Set down each line of the material that follows exactly, and leave its pictures out.

Supplied data:
☆ ☆ ☆ ☆ ☆ ☆ ☆

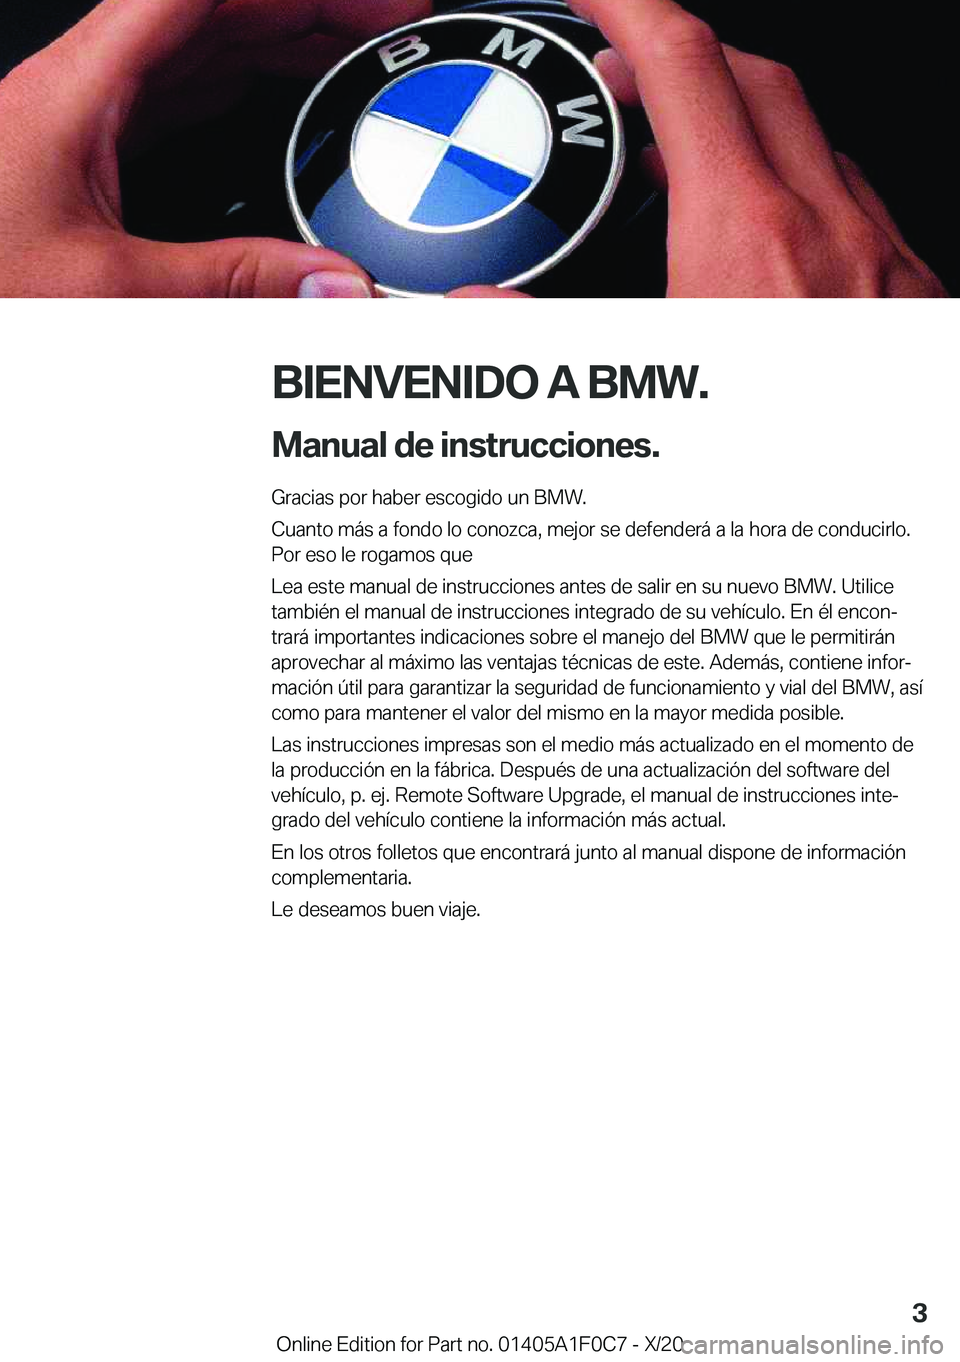 BMW X6 2021  Manuales de Empleo (in Spanish) �B�I�E�N�V�E�N�I�D�O��A��B�M�W�.
�M�a�n�u�a�l��d�e��i�n�s�t�r�u�c�c�i�o�n�e�s�. �G�r�a�c�i�a�s��p�o�r��h�a�b�e�r��e�s�c�o�g�i�d�o��u�n��B�M�W�.
�C�u�a�n�t�o��m�

☆ ☆ ☆ ☆ ☆ ☆ ☆

Solution for this task:
 BMW X6 2021  Manuales de Empleo (in Spanish) �B�I�E�N�V�E�N�I�D�O��A��B�M�W�.
�M�a�n�u�a�l��d�e��i�n�s�t�r�u�c�c�i�o�n�e�s�. �G�r�a�c�i�a�s��p�o�r��h�a�b�e�r��e�s�c�o�g�i�d�o��u�n��B�M�W�.
�C�u�a�n�t�o��m�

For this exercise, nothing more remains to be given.